▶ _Input data_:
----------
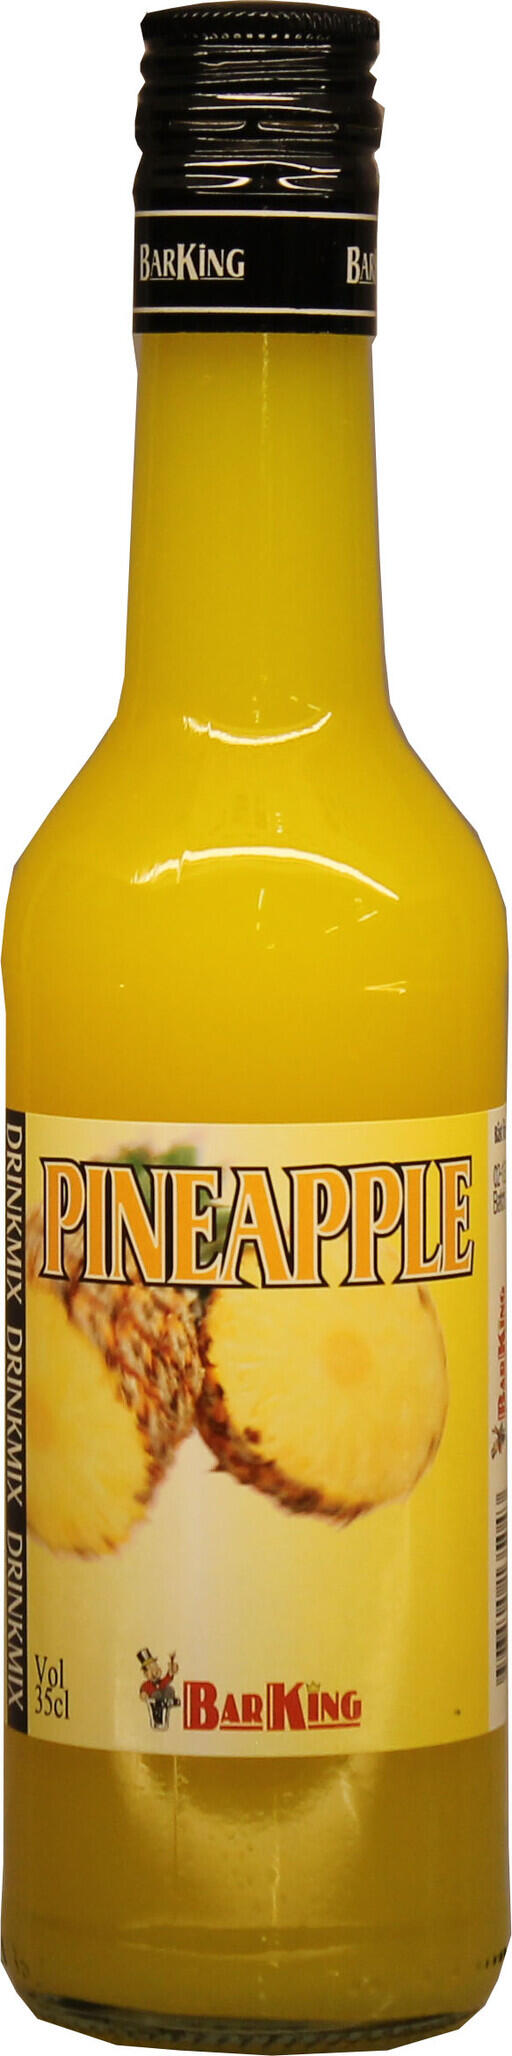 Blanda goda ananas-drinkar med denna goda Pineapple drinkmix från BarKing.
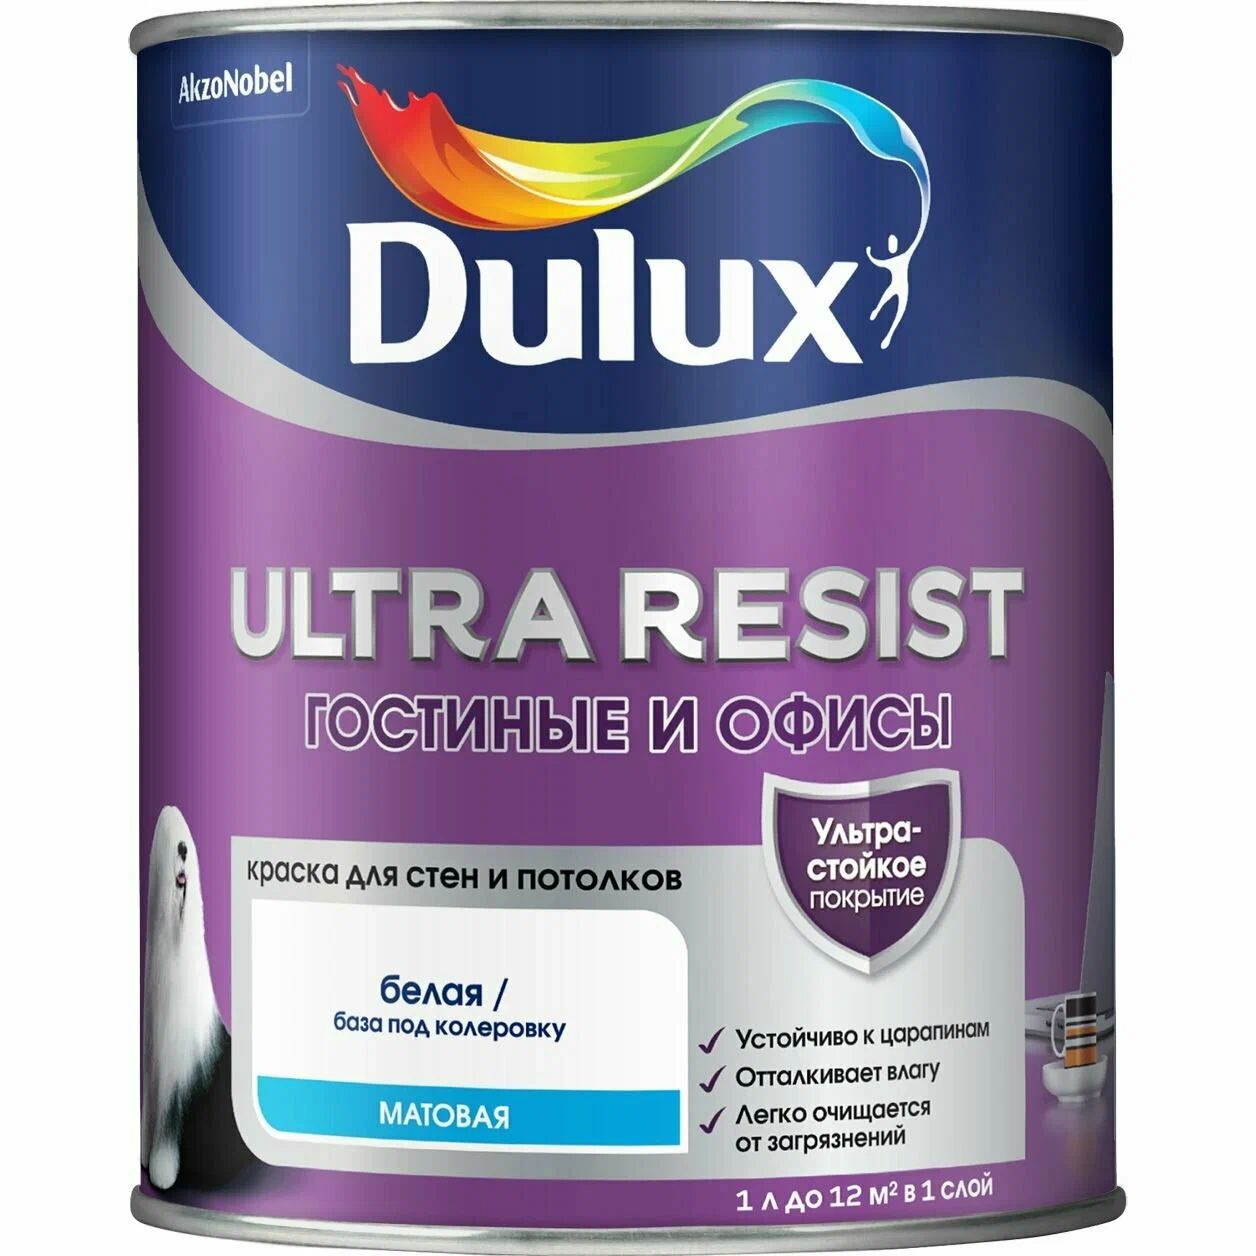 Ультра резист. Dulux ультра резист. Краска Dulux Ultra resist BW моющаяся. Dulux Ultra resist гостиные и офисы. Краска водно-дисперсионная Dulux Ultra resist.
----------
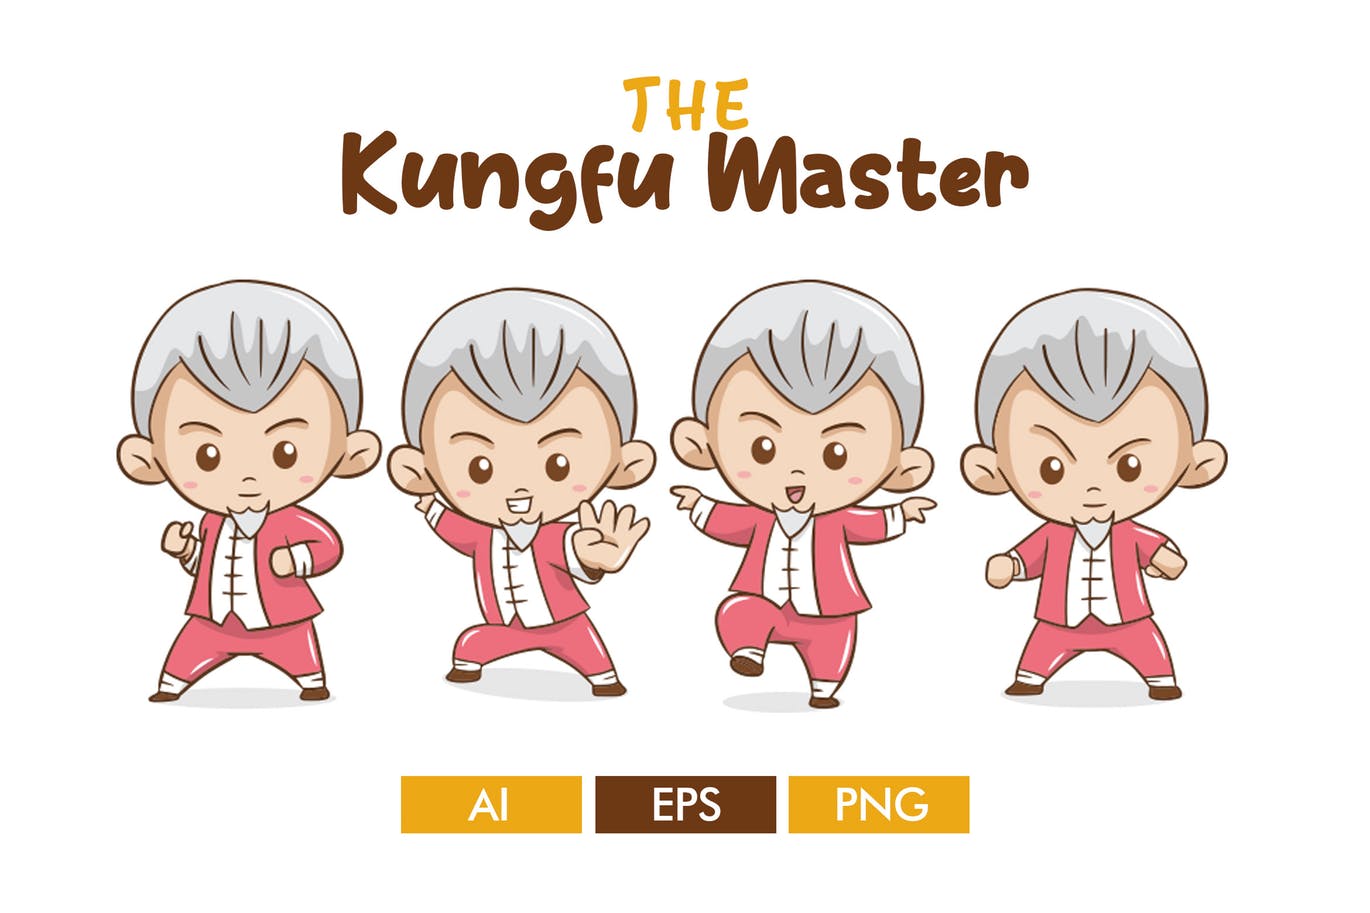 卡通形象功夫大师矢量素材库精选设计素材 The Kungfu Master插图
----------
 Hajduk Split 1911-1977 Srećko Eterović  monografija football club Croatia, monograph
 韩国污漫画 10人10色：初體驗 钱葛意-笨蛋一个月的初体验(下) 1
----------
▶ _What is being asked_:
Pictures are to be left out. Write out only the lines above starting at the one with "Blanda goda ananas-drinkar" and ending at the one with "Ультра резист. Dulux", both lines included, exactly.

▶ _Result_:
 Blanda goda ananas-drinkar med denna goda Pineapple drinkmix från BarKing.
 Ультра резист. Dulux ультра резист. Краска Dulux Ultra resist BW моющаяся. Dulux Ultra resist гостиные и офисы. Краска водно-дисперсионная Dulux Ultra resist.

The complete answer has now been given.